→ **THE TASK**:
Retype every line from the start of the data down to and including the line with "Pair of French". Skip the pictures.

→ **AVAILABLE DATA**:

● ● ●

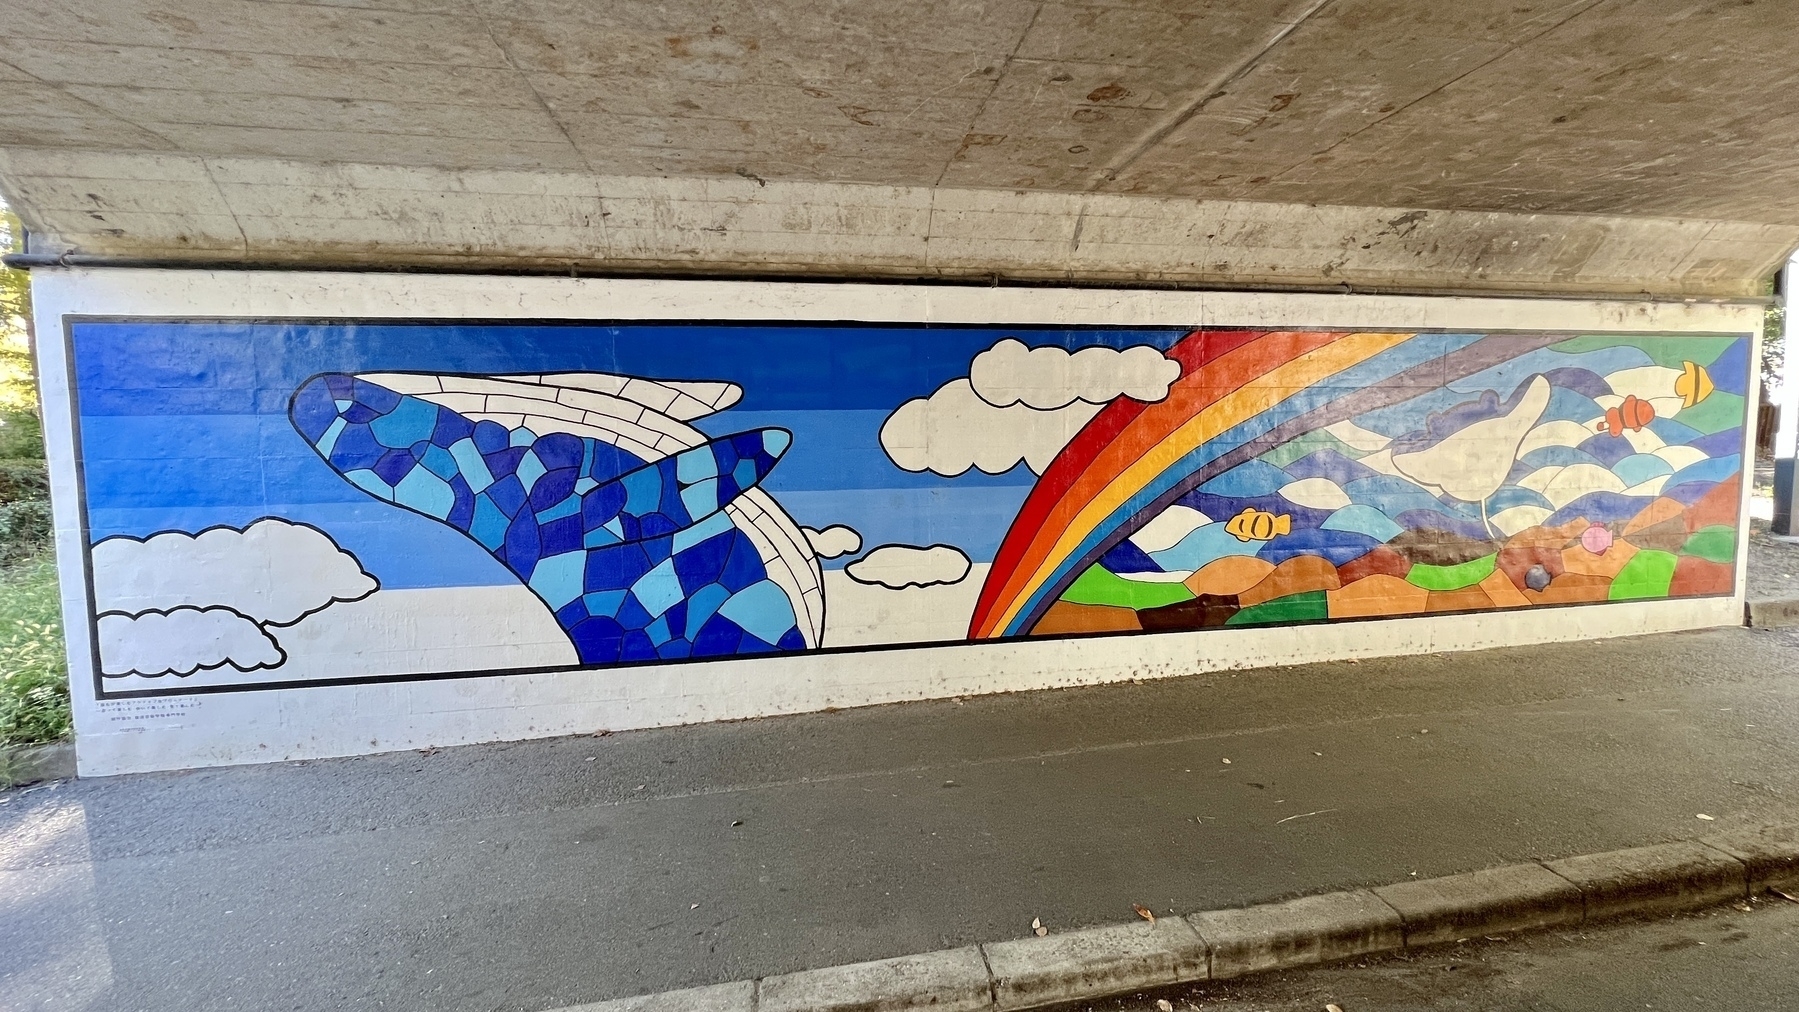 Wall mural depicting a leaping blue whale, rainbow, and other sea life
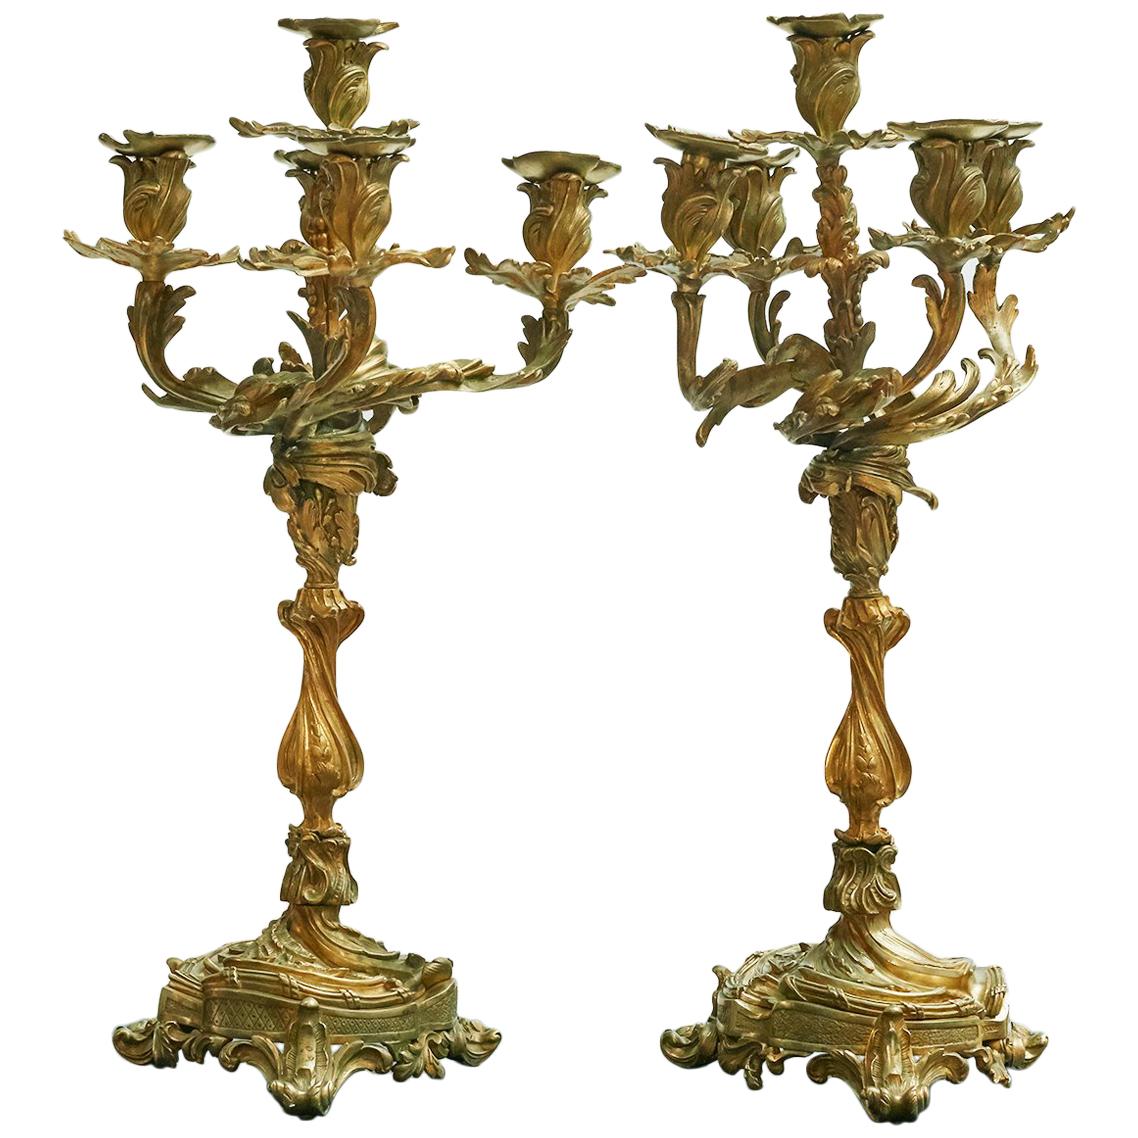 Pair of French New Rococo Gilt Bronze Candelabra with 5 Arms
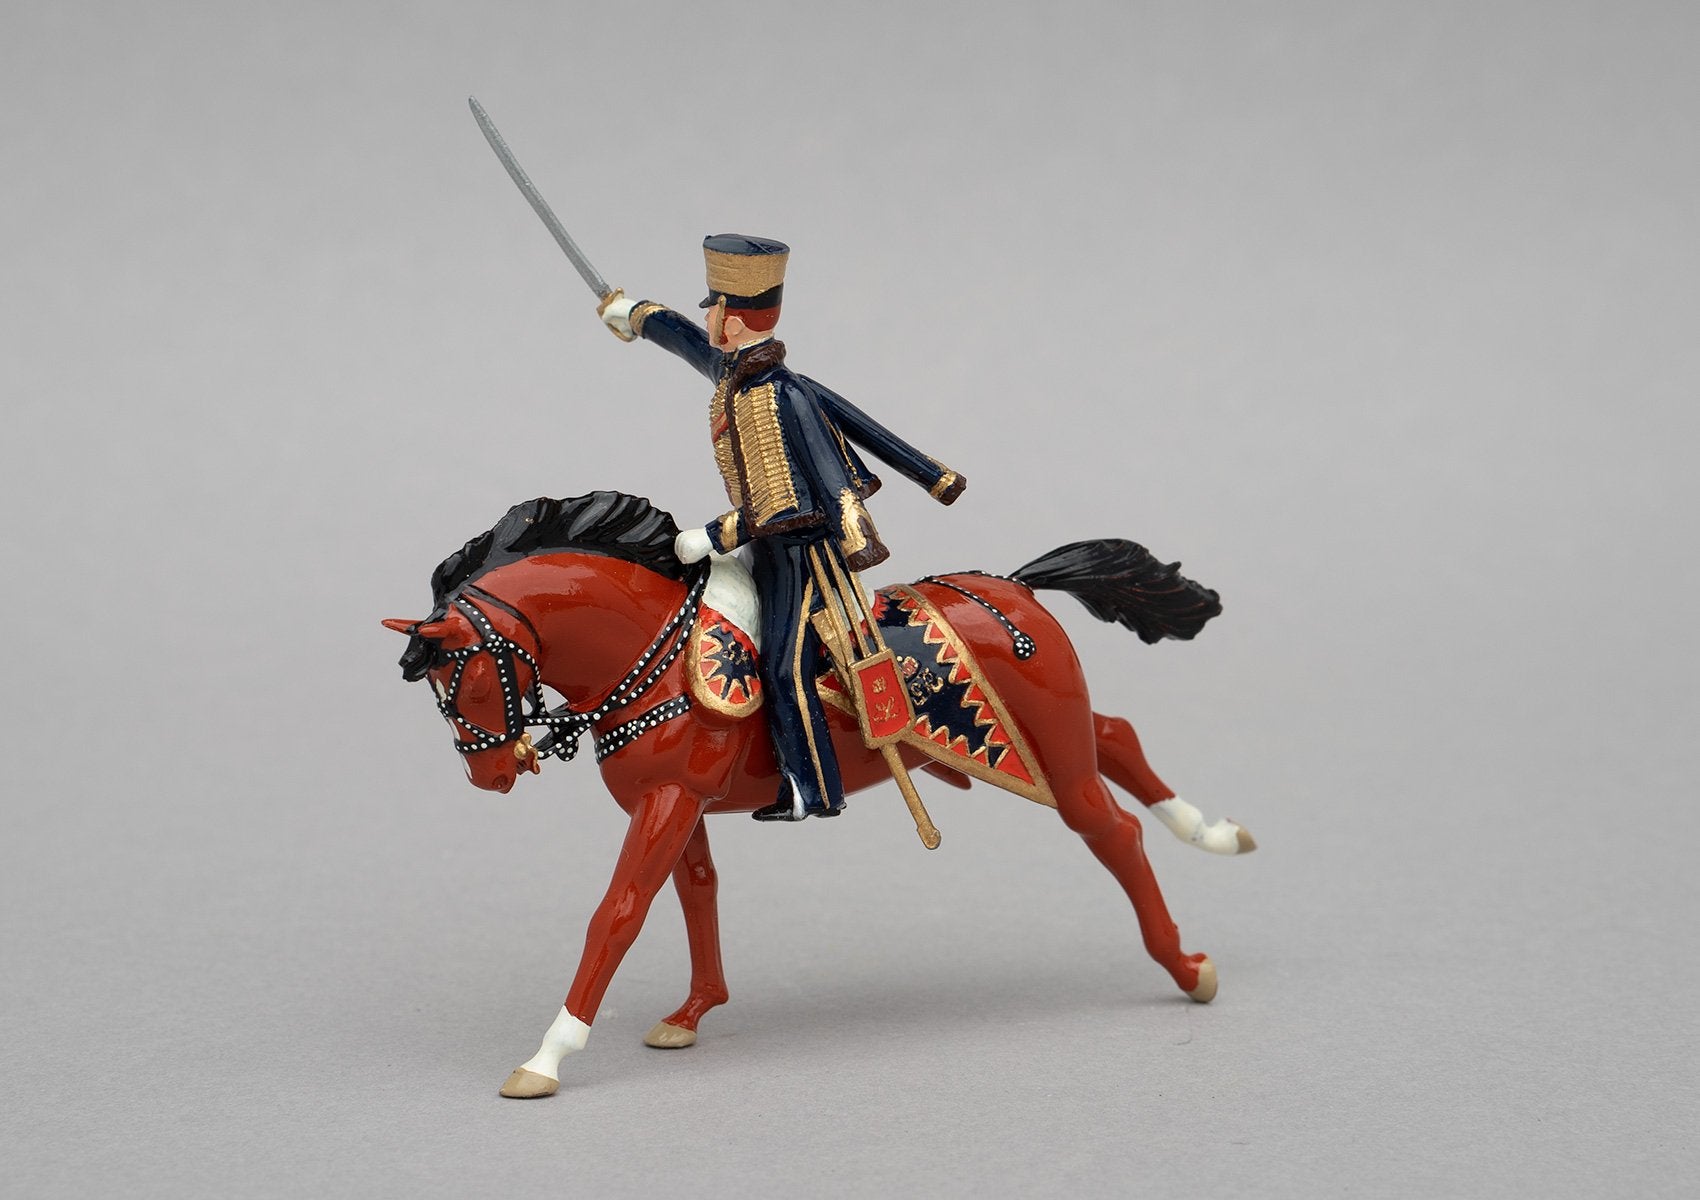 Set 114 Earl of Uxbridge, Waterloo, 1815 | British Cavalry | Napoleonic Wars | British commander of cavalry and artillery Napoleonic Wars, Waterloo.  Dressed in the uniform of the 7th Hussars. Single mounted officer with sabre on bay horse | Waterloo | © Imperial Productions | Sculpt by David Cowe

● ● ●

→ **TASK RESPONSE**:
 Wall mural depicting a leaping blue whale, rainbow, and other sea life
 Pair of French New Rococo Gilt Bronze Candelabra with 5 Arms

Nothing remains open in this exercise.